PERUBAHAN FAAL PARU :
Kelainan fungsi paru yang terjadi pada pasien bronkiektasis sangat bervariasi dan tingkatan beratnya tergantung pada luasnya kerusakan parenkim paru dan seberapa jauh beratnya komplikasi yang telah terjadi. Akibatnya dapat dijumpai pasien bronkiektasis ringan tanpa kelainan fungsi paru atau hanya kelainan ringan saja, bronkiektasis sedang dengan kelainan fungsi paru derajat sedang dan bronkiektasis berat dengan kelainan fungsi paru berat. Selain itu perlu dinyatakan bahwa kelainan fungsi paru (faal ventilasi) yang terjadi selain jenisnya tidak sama (artinya bisa tipe obstruktif, restriktif atau campuran), jenis kelainannya juga tidak khas tergantung pada macam kerusakan jaringan paru yang terjadi, sehingga pengaruhnya pada fungsi paru dapat berbeda-beda.
II.6. GAMBARAN KLINIS :
Gejala dan tanda klinis yang timbul pada pasien bronkiektasis tergantung pada luas dan beratnya penyakit, lokasi kelainannya dan ada atau tidak adanya komplikasi lanjut. Ciri khas penyakit ini adalah adanya batuk kronik disertai produksi sputum, adanya hemoptisis dan pneumonia berulang. Gejala dan tanda klinis tersebut dapat demikian hebat pada penyakit yang berat, dan dapat tidak nyata atau tanpa gejala pada penyakit yang ringan.

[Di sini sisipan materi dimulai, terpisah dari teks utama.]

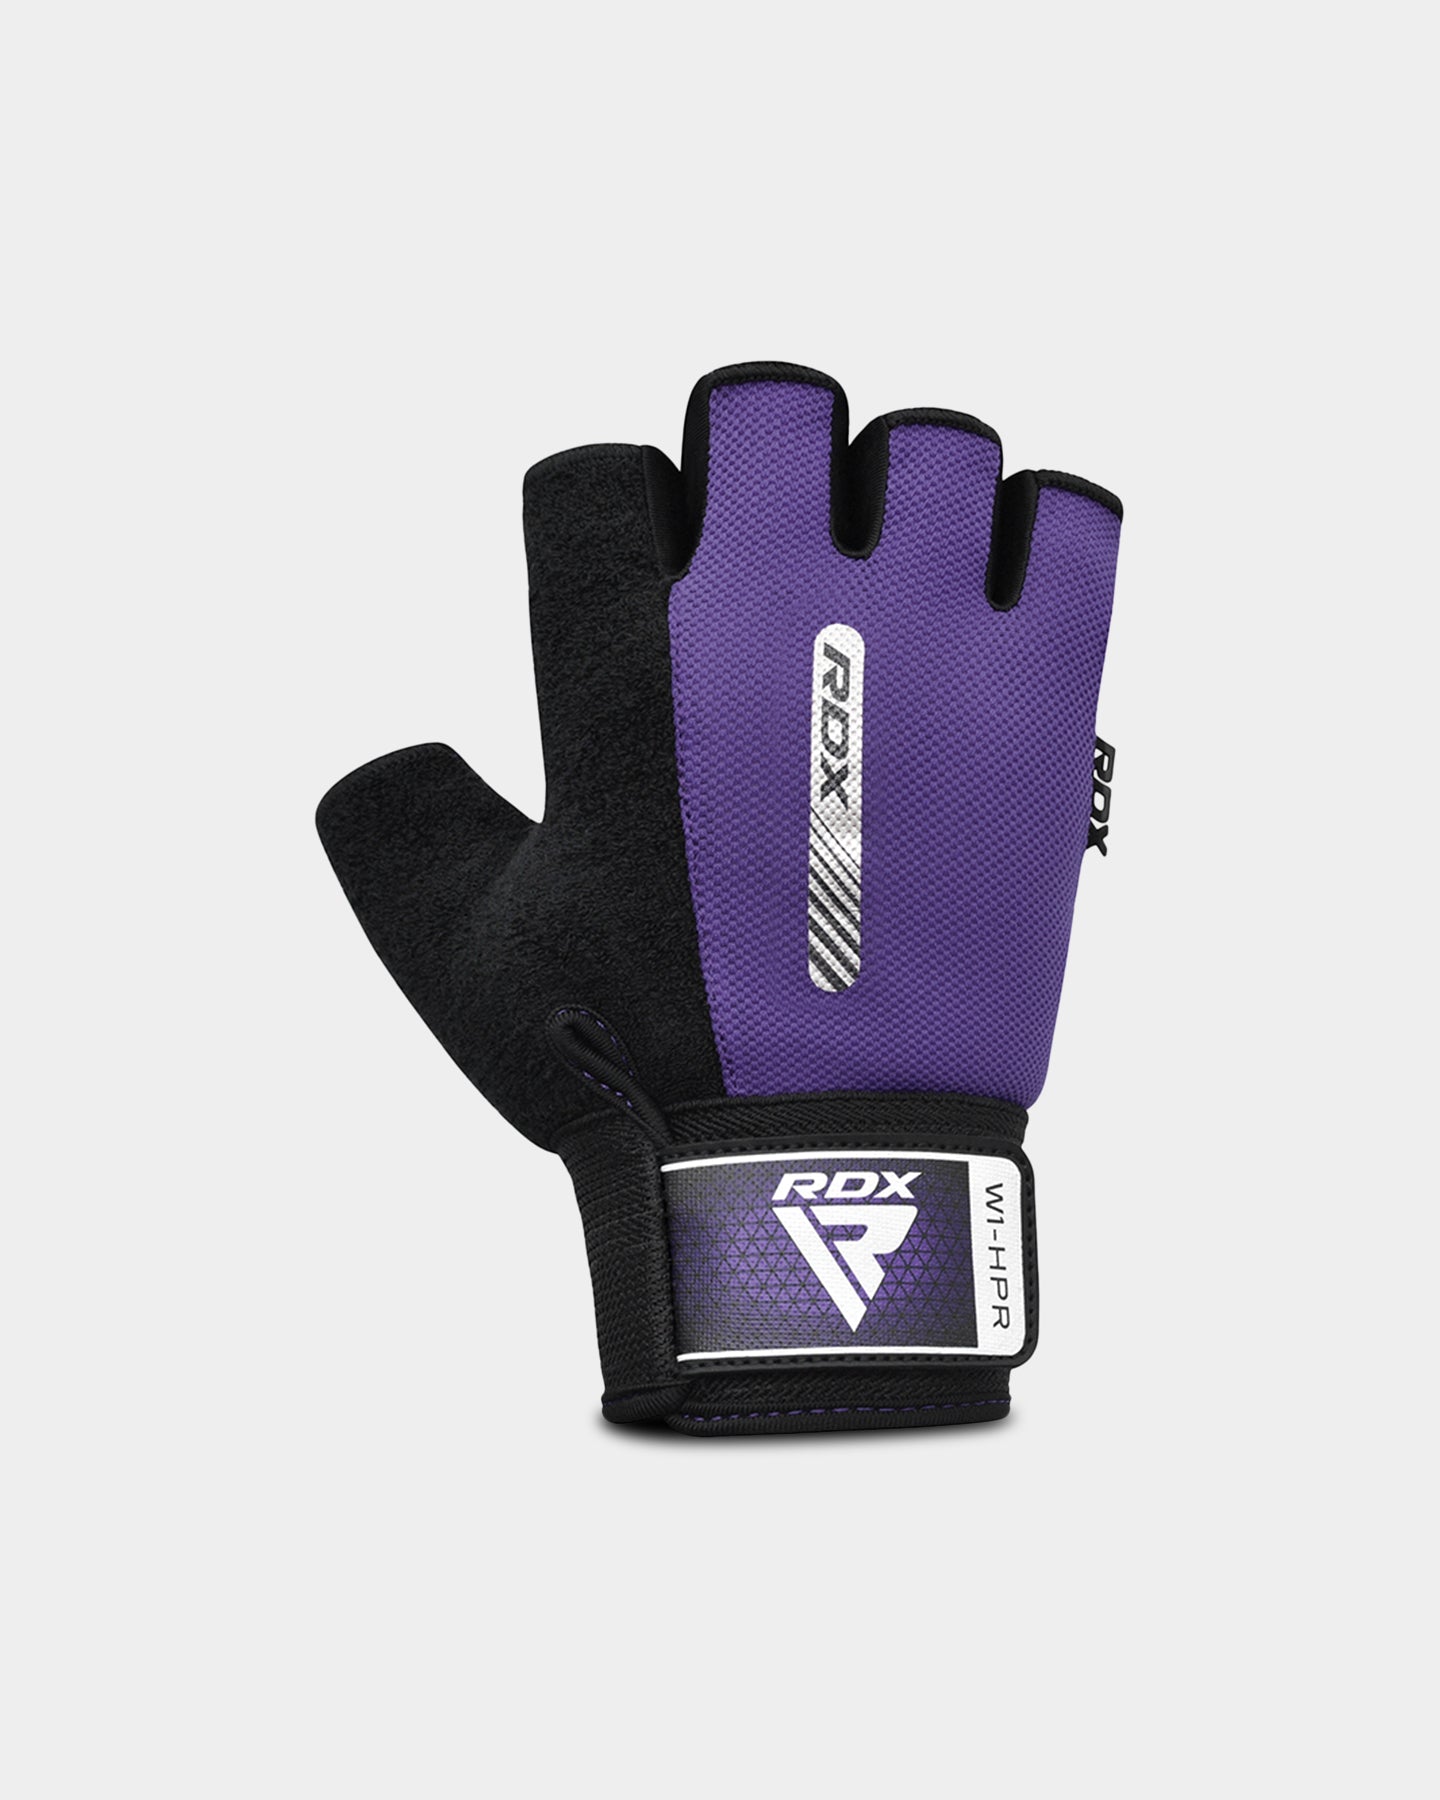 RDX Sports W1 Gym Workout Gloves, S, Purple A2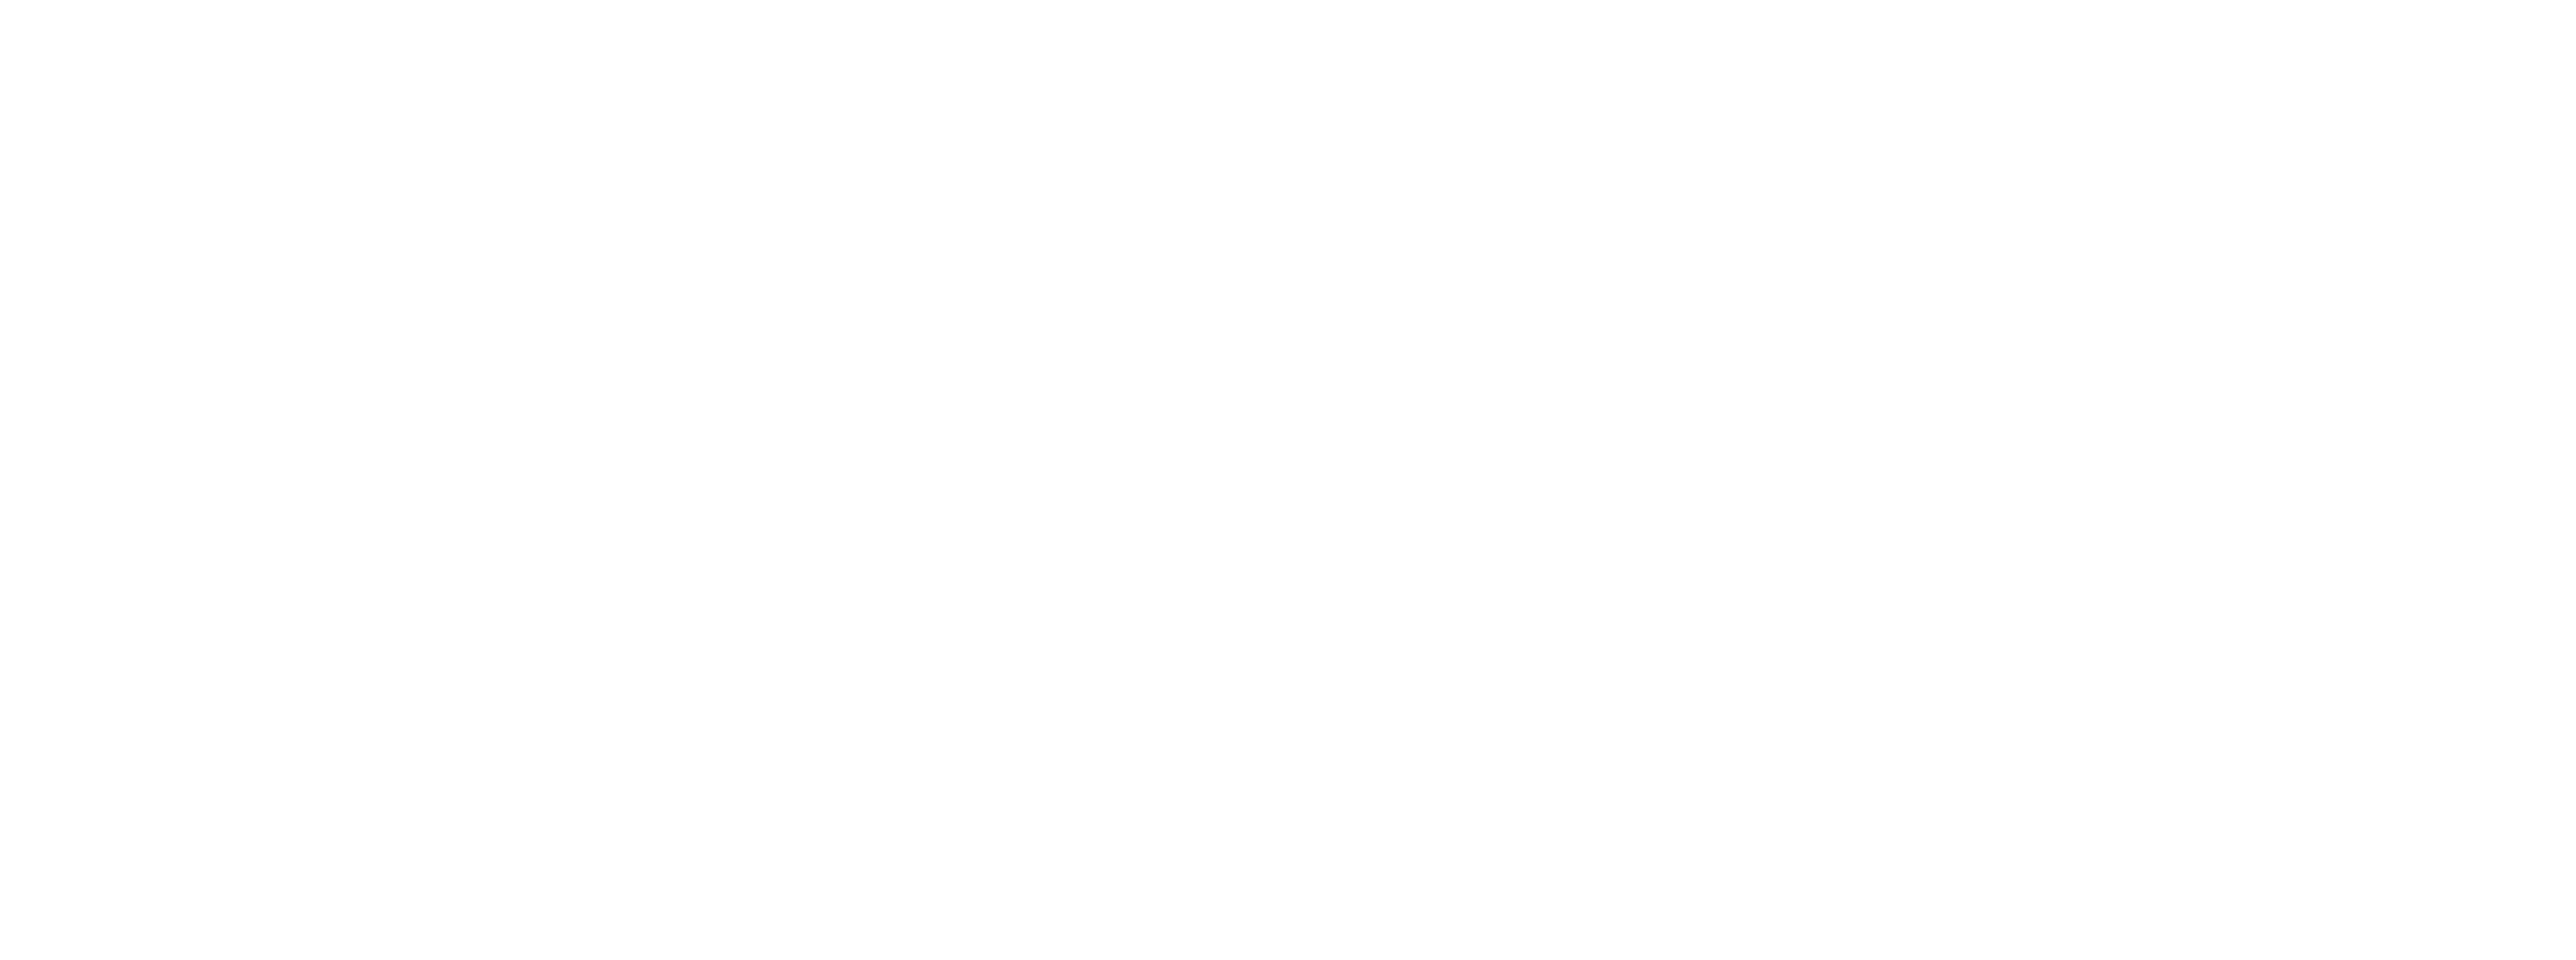 Diego Columbus logo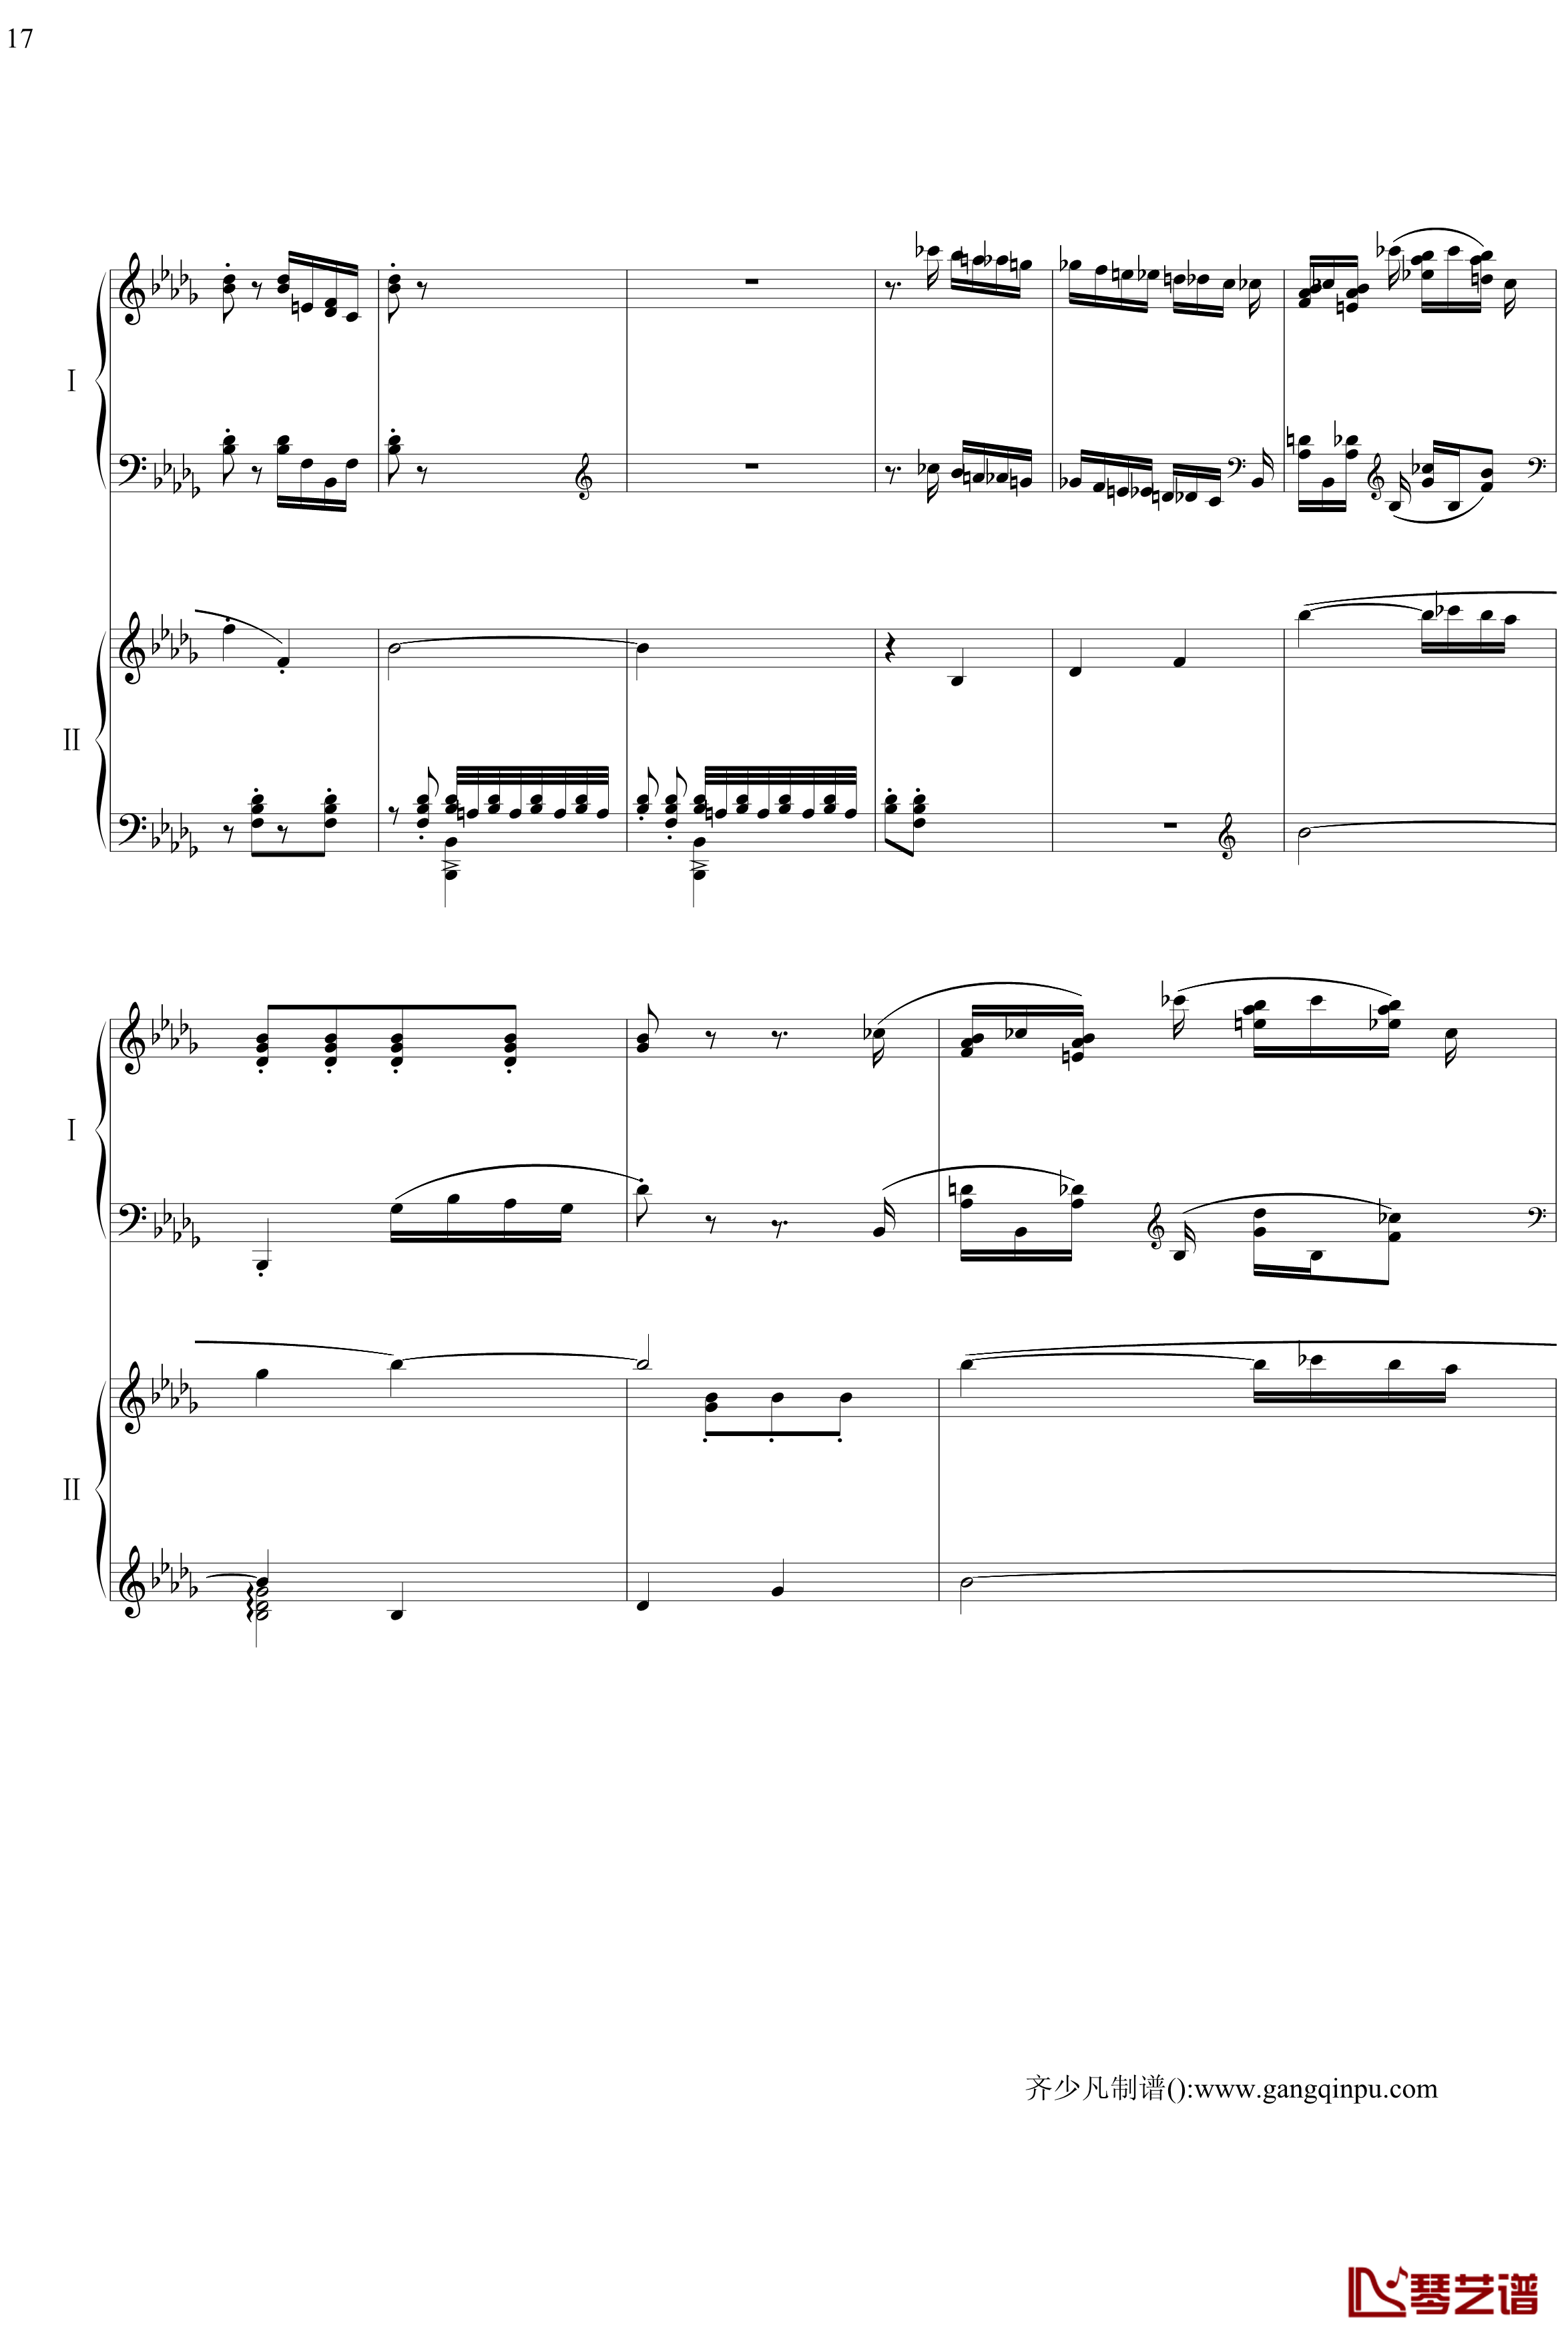 帕格尼尼主题狂想曲钢琴谱-11~18变奏-拉赫马尼若夫17

Bronkiektasis yang mengenai bronkus pada lobus atas sering dan memberikan gejala, sebagai berikut :
a. Batuk :
Batuk pada bronkiektasis mempunyai ciri antara lain batuk produktif berlangsung kronik dan frekuensi mirip seperti pada bronkitis kronik, jumlah sputum bervariasi, umumnya jumlahnya banyak terutama pada pagi hari sesudah ada perubahan posisi tidur atau bangun. Kalau tidak ada infeksi sekunder sputumnya mukoid, sedang apabila terjadi infeksi sekunder sputumnya purulen, dapat memberikan bau mulut yang tidak sedap. Apabila terjadi infeksi sekunder oleh kuman anaerob akan menimbulkan sputum sangat berbau busuk. Pada kasus yang ringan, pasien dapat tanpa batuk atau hanya timbul batuk apabila ada infeksi sekunder. Pada kasus yang sudah berat, misalnya pada sacular type brokiektasis, sputum jumlahnya banyak sekali, purulen dan apabila ditampung beberapa lama, tampak terpisah jadi tiga lapisan: 1. Lapisan teratas agak keruh terdiri atas mukus, 2. Lapisan tengah jernih terdiri atas saliva dan 3. Lapisan terbawah keruh terdiri atas nanah dan jaringan nekrosis dari bronkus yang rusak.
b. Hemoptosis :
Hemoptisis atau hemoptoe terjadi kira-kira pada 50% kasus bronkiektasis. Keluhan ini terjadi akibat nekrosis atau destruksi mukosa bronkus mengenai pembuluh darah dan timbul perdarahan. Perdarahan yang terjadi bervariasi mulai yang paling ringan sampai perdarahan yang cukup banyak apabila nekrosis yang mengenai mukosa amat hebat atau terjadi nekrosis yang mengenai cabang arteri bronkialis (darah berasal dari peredaran darah sistemik).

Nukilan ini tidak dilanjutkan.